Pantaskan diri, semoga Allah mampukan tahun ini. Bismillah saja dulu, luruskan niat.
foto by @lughatul-qurania
Sudah tidak tertarik dengan pencapaian dunia. Mati rasa ketika teman persebayaan mencapai ini-itu. Pintaku hanya satu; yaAllah, berikanlah aku ketentraman hati dan kecintaan untuk melakukan ibadah wajib ataupun sunnah.
Karena kehilangan yang paling membuat rapuh adalah ketika nikmat ibadah telah tercabut.
Sudah tidak tertarik dengan pencapaian dunia. Mati rasa ketika teman persebayaan mencapai ini-itu. Pintaku hanya satu; yaAllah, berikanlah aku ketentraman hati dan kecintaan untuk melakukan ibadah wajib ataupun sunnah.
Karena kehilangan yang paling membuat rapuh adalah ketika nikmat ibadah telah tercabut.

Anya is live and ready to show you everything. Watch her strip, dance, and perform exclusive shows just for you. Interact in real-time and make your fantasies come true.
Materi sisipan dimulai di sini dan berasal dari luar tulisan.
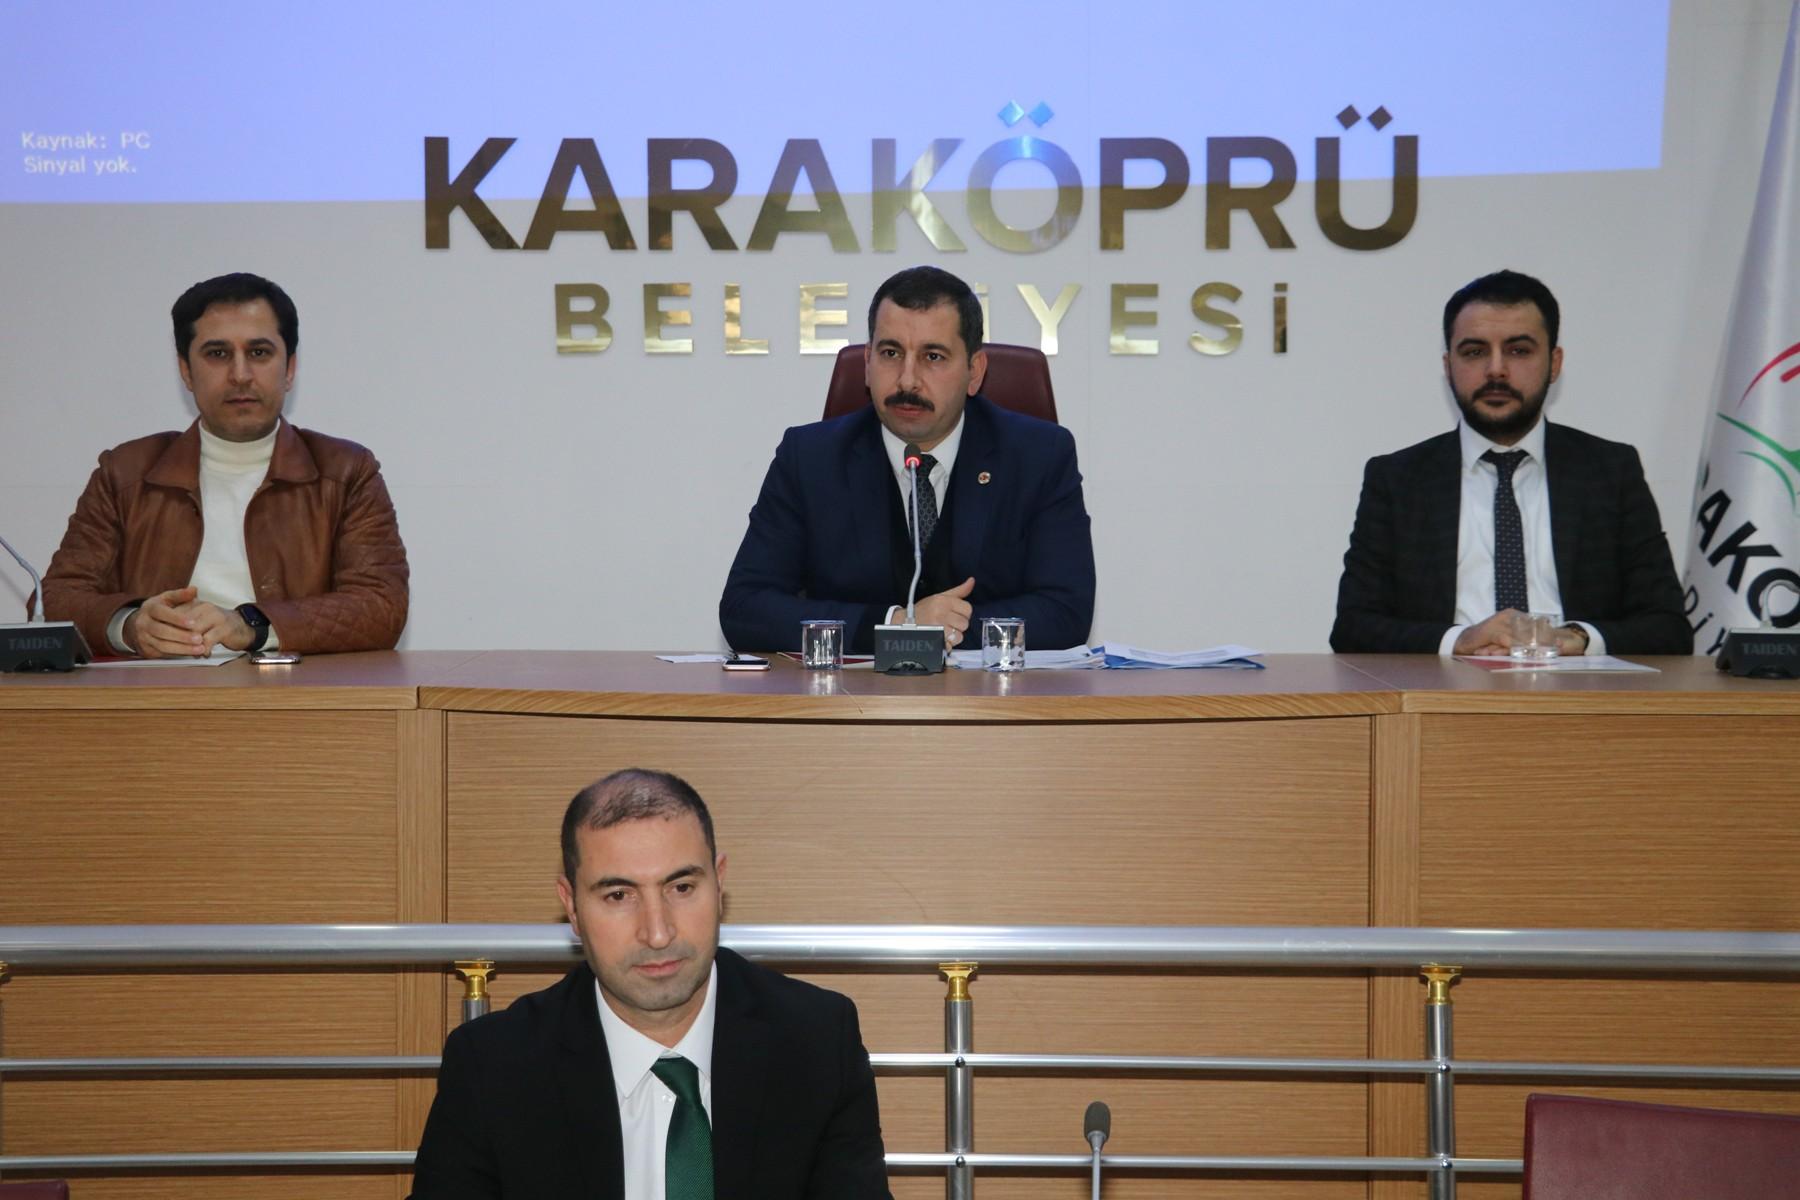 KARAKÖPRÜ'DE YENİ YILIN İLK MECLİS TOPLANTISI GERÇEKLEŞTİRİLDİ
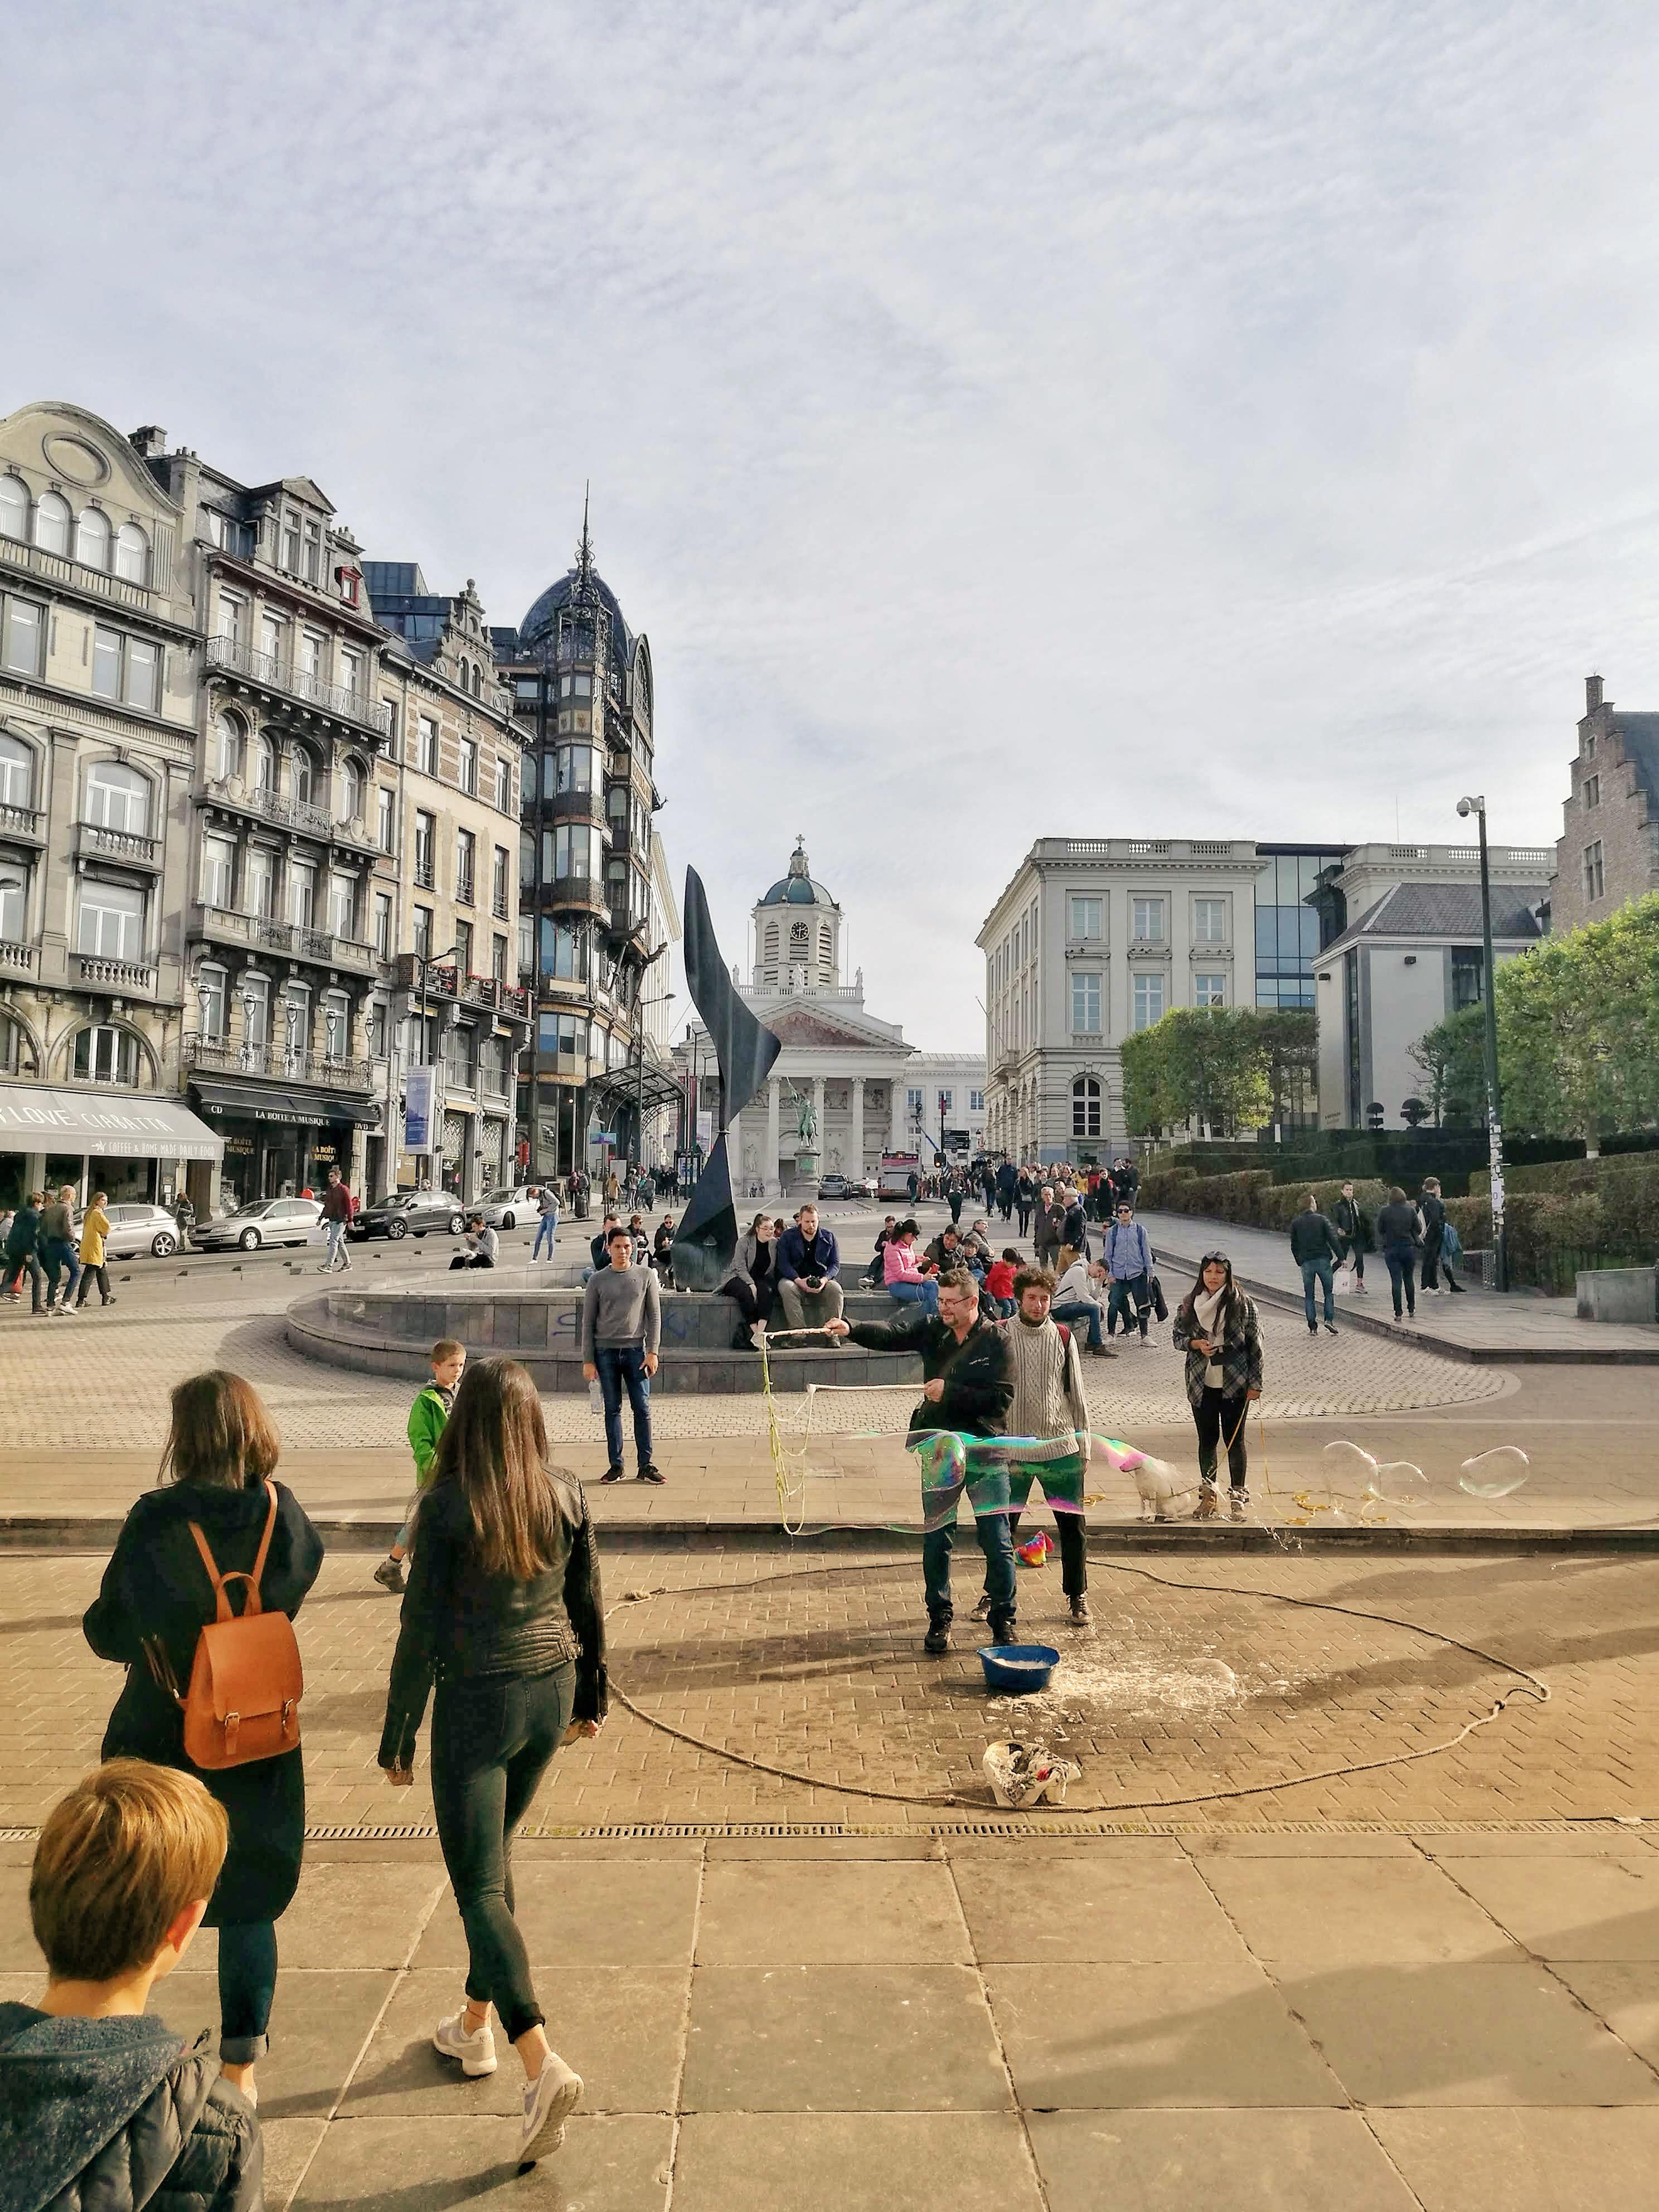 A Mont des Art népszerű találkozó hely

Free to watch • No registration required • HD streaming
Ramadan #19
Menyadari bahwa pengetahuanku untuk menjalani hidup dan mempersiapkan akhirat begitu sedikit.
Belajar untuk lebih mudah bersyukur pada saat lapang dan sempit.
Lebih berhati-hati pada saat lapang agar tidak lalai.
Menyadari bahwa hidup ini sangat amat sementara, sehingga tidak perlu terlalu kecewa dengan hal-hal yang tak sesuai harapan dan keinginan, fokus pada keberkahan dan tujuan.
Mencari lebih banyak teman yang baik dan salih.
Orang tua menua seiring kita menua,bagaimanapun sikap mereka dengan segala keterbatasannya, tidak akan mengubah fakta bahwa mereka adalah orang tua kita. Berbaktilah mumpung mereka masih ada.
Banyak hal didunia ini yang lebih butuh landasan keimanan daripada pemikiran rasionalitas kita sendiri.
Berpikir bahwa diri adalah yang paling benar adalah awal dari kehancuran diri.
Hati-hati dengan apa yang keluar dari mulut, jika tidak bermanfaat lebih baik diam.
Apa pelajaran-pelajaran hidupmu yang ditemukan dan mungkin boleh dibagikan?
Jangan sampai kemudahan membuat kita lupa berdoa.
Jangan sampai kesulitan membuat kita lupa bersyukur.